Work order >>
Set down the final stretch of the data, from the line that holds "1964 Fender Super Reverb 4x10" through the last line, both included, with pictures left out.

Information provided >>
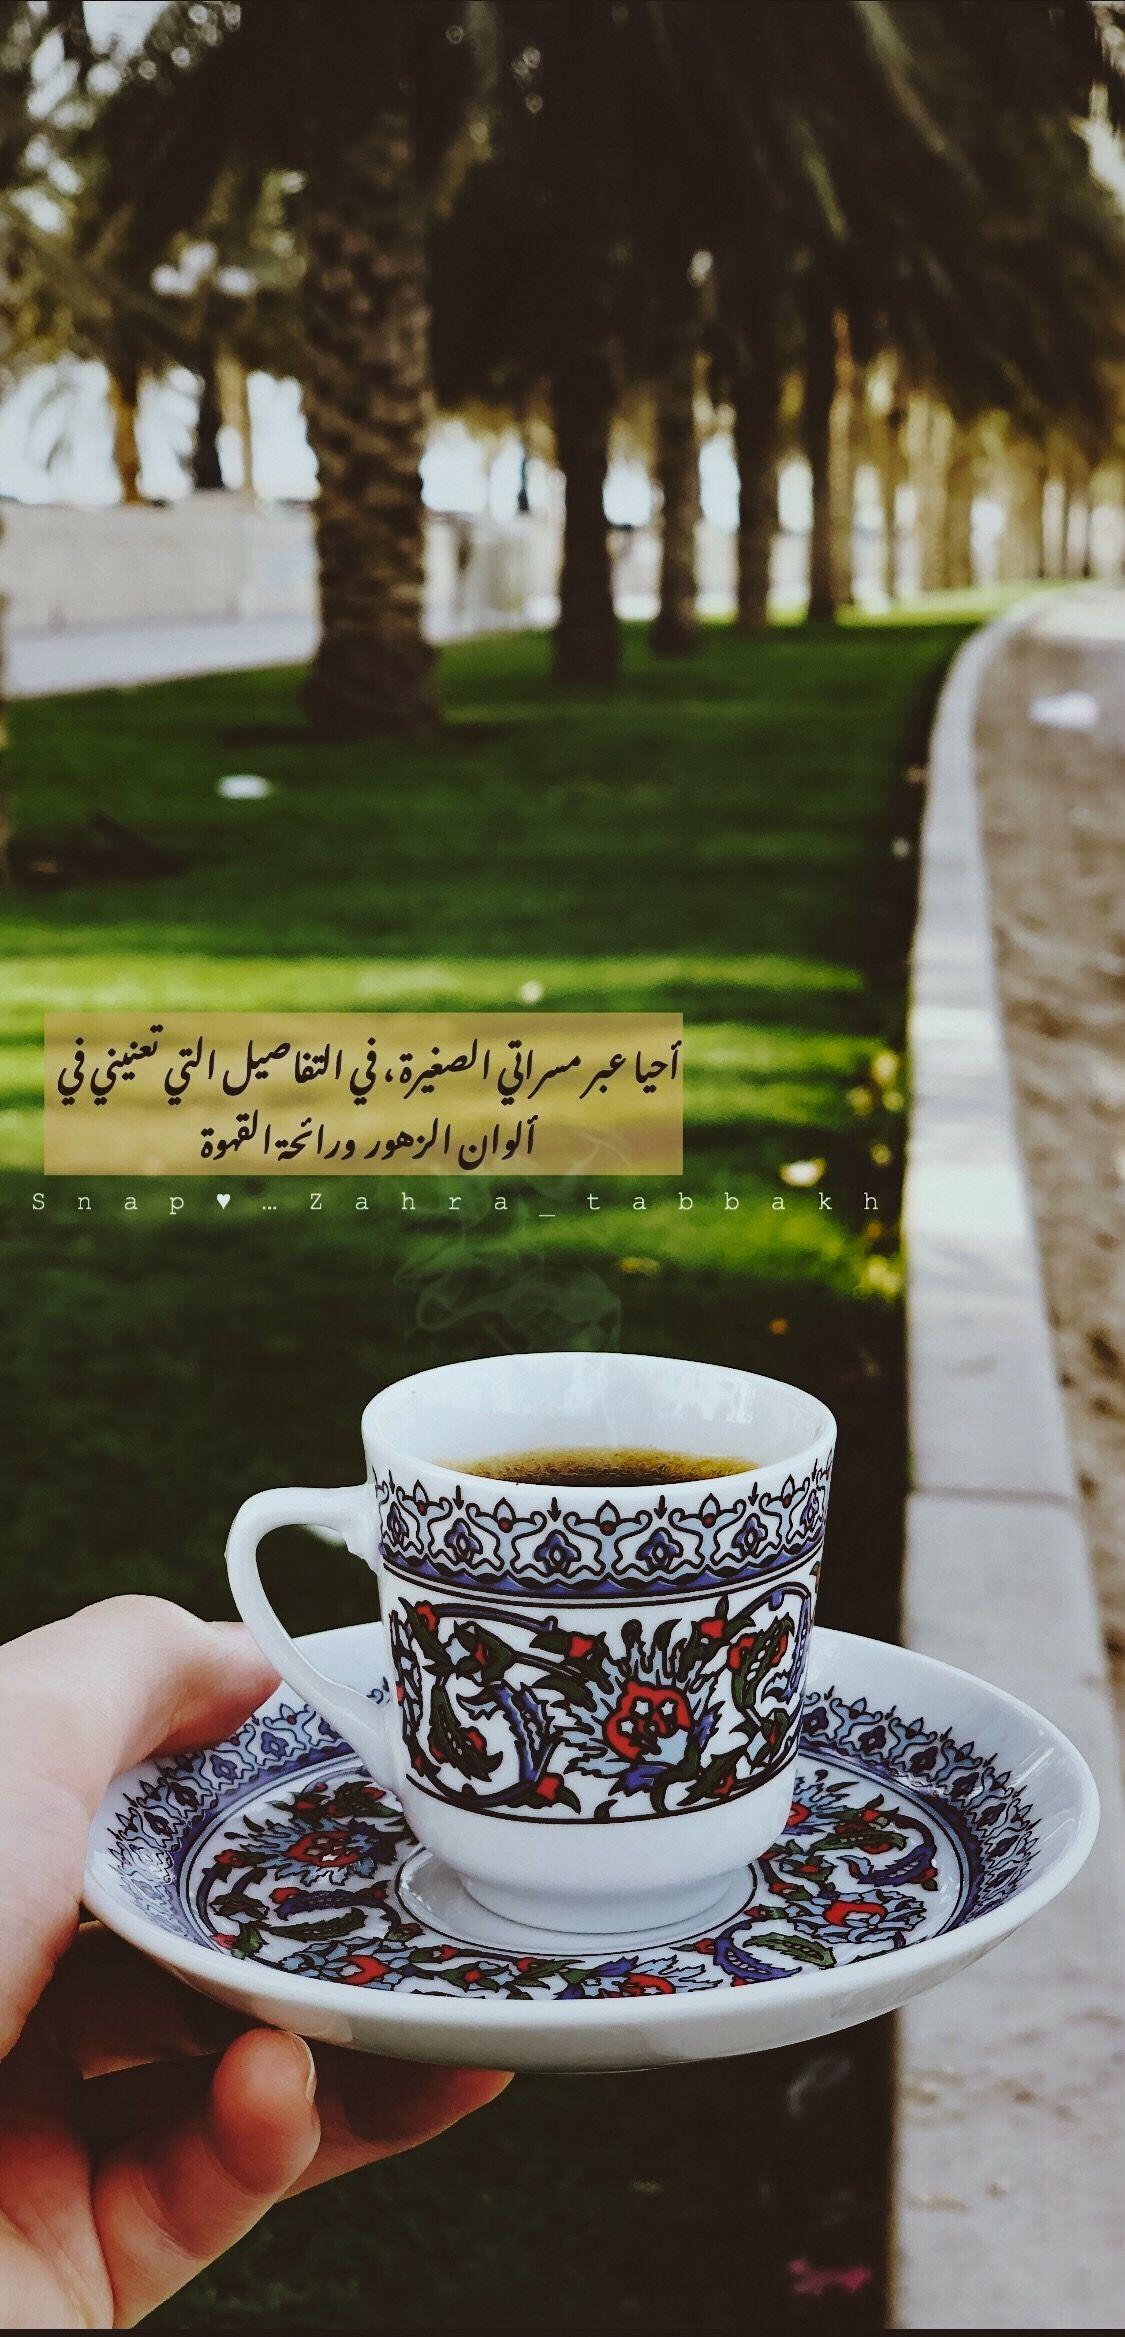 قهوة الصباح Arabic Quotes Coffee Tea Coffee
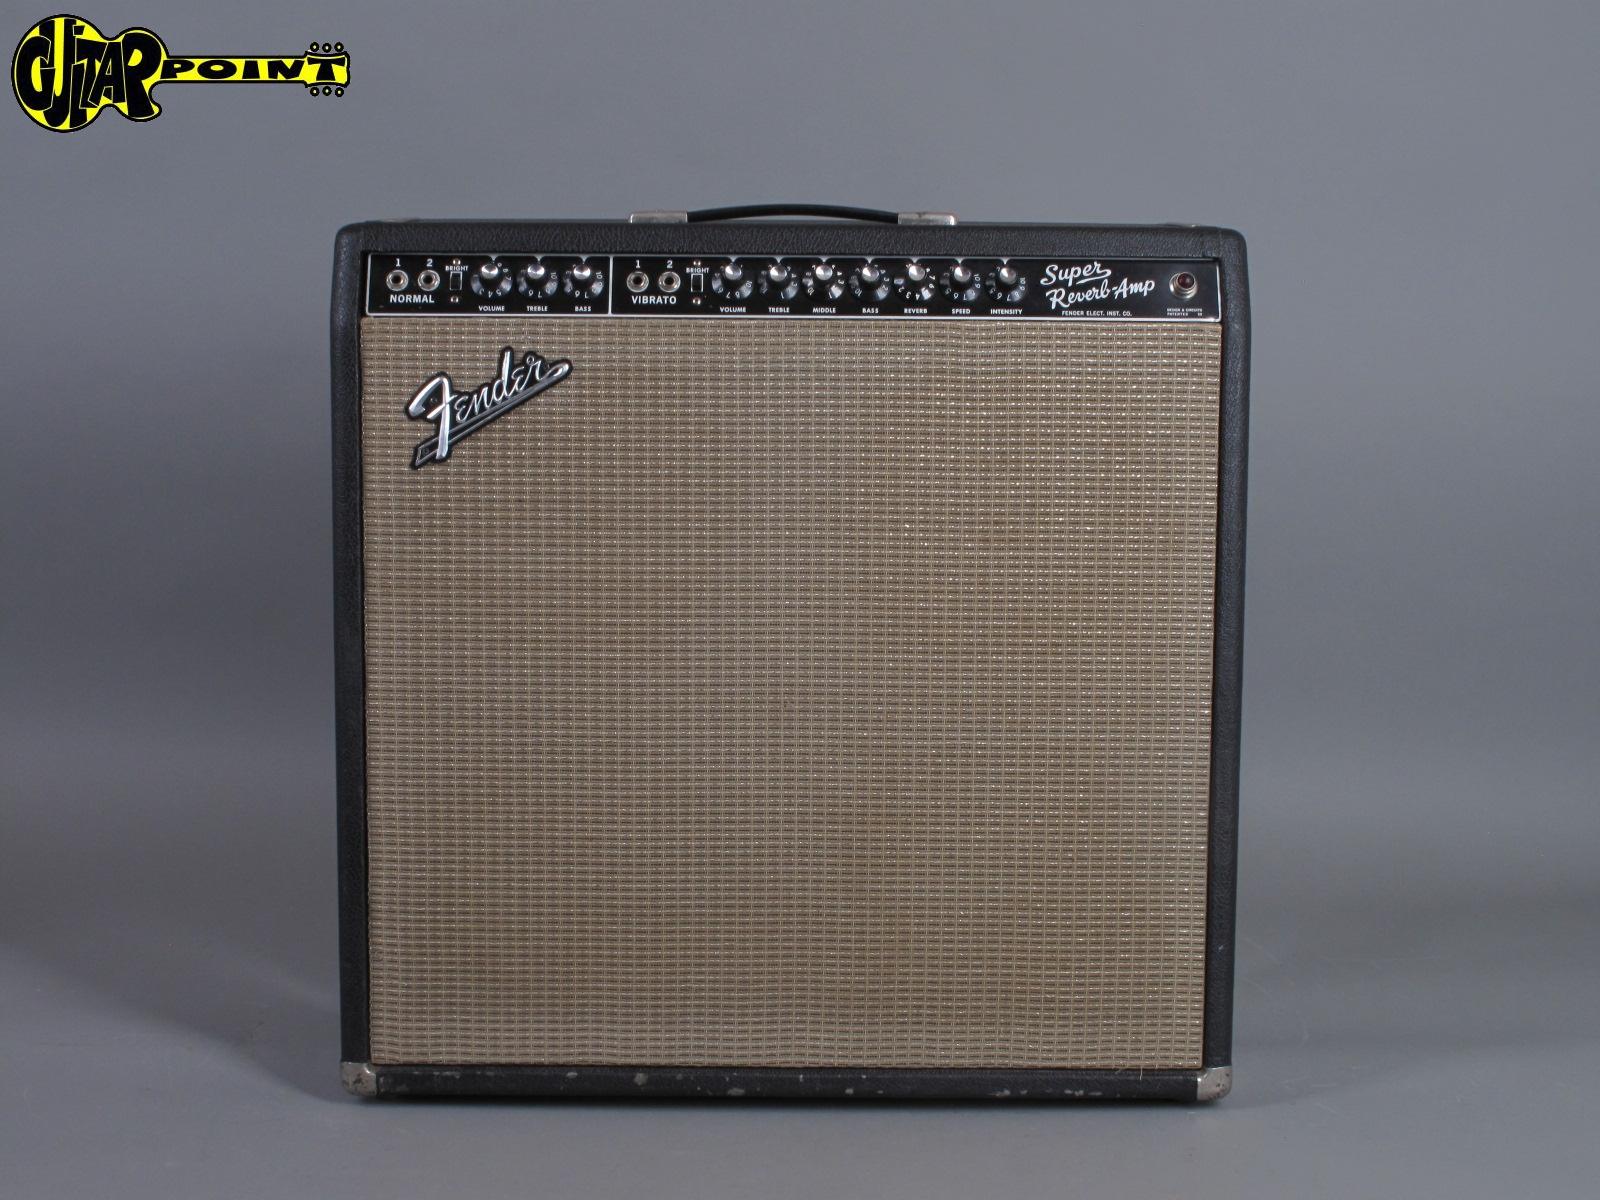 1964 Fender Super Reverb 4x10
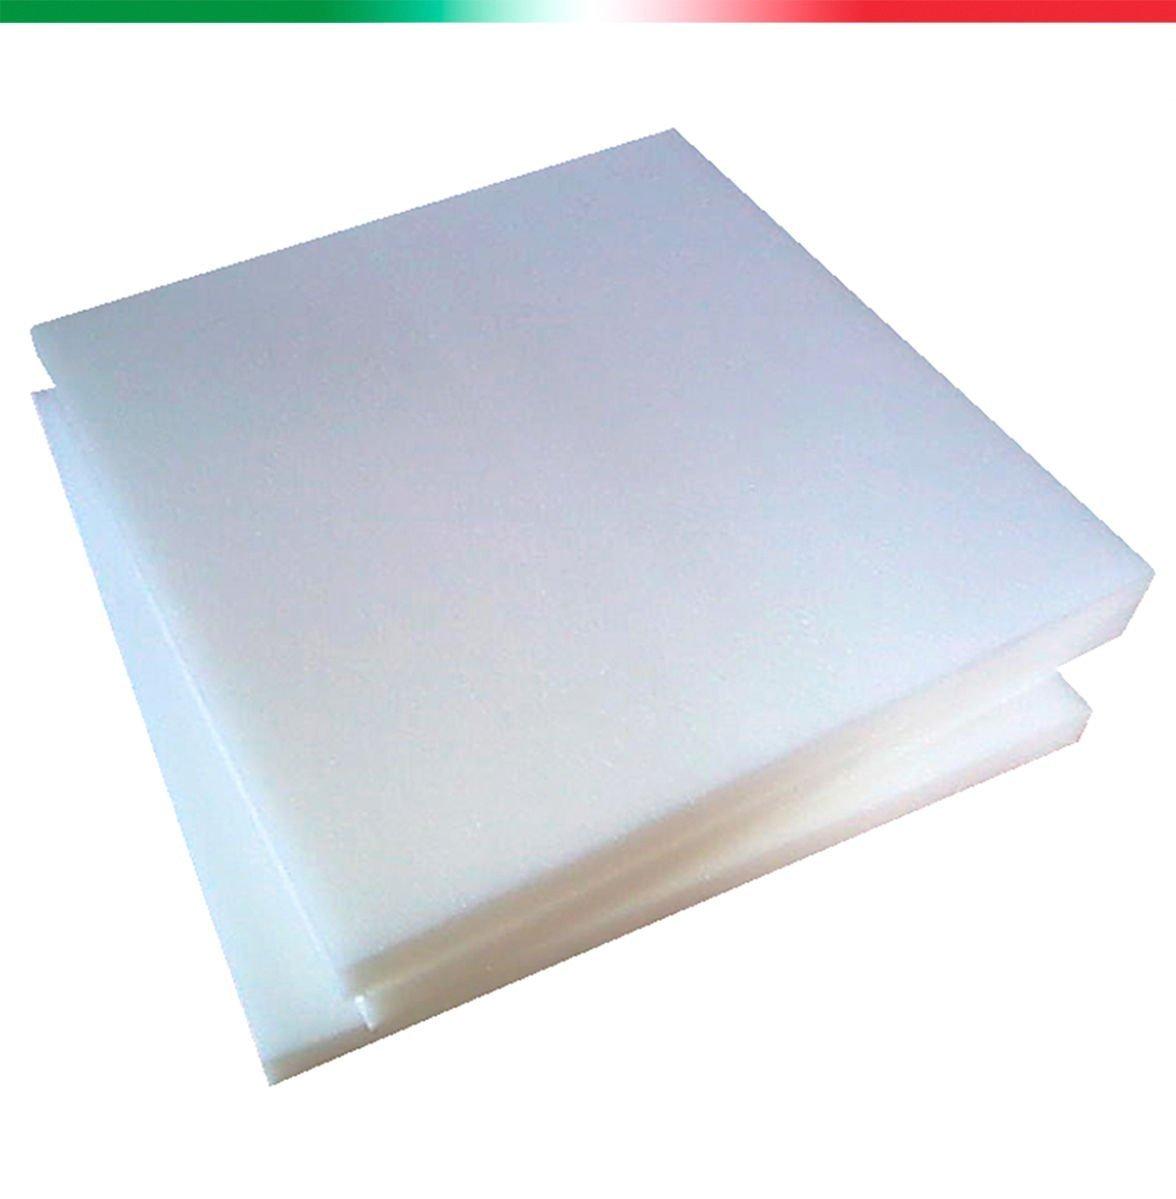 Viglietti - Lámina de gomaespuma/poliuretano expandido de dureza media, 100 x 200 cm, H 2 T21 Blanco: Amazon.es: Hogar

Answer box >>
 1964 Fender Super Reverb 4x10
 Viglietti - Lámina de gomaespuma/poliuretano expandido de dureza media, 100 x 200 cm, H 2 T21 Blanco: Amazon.es: Hogar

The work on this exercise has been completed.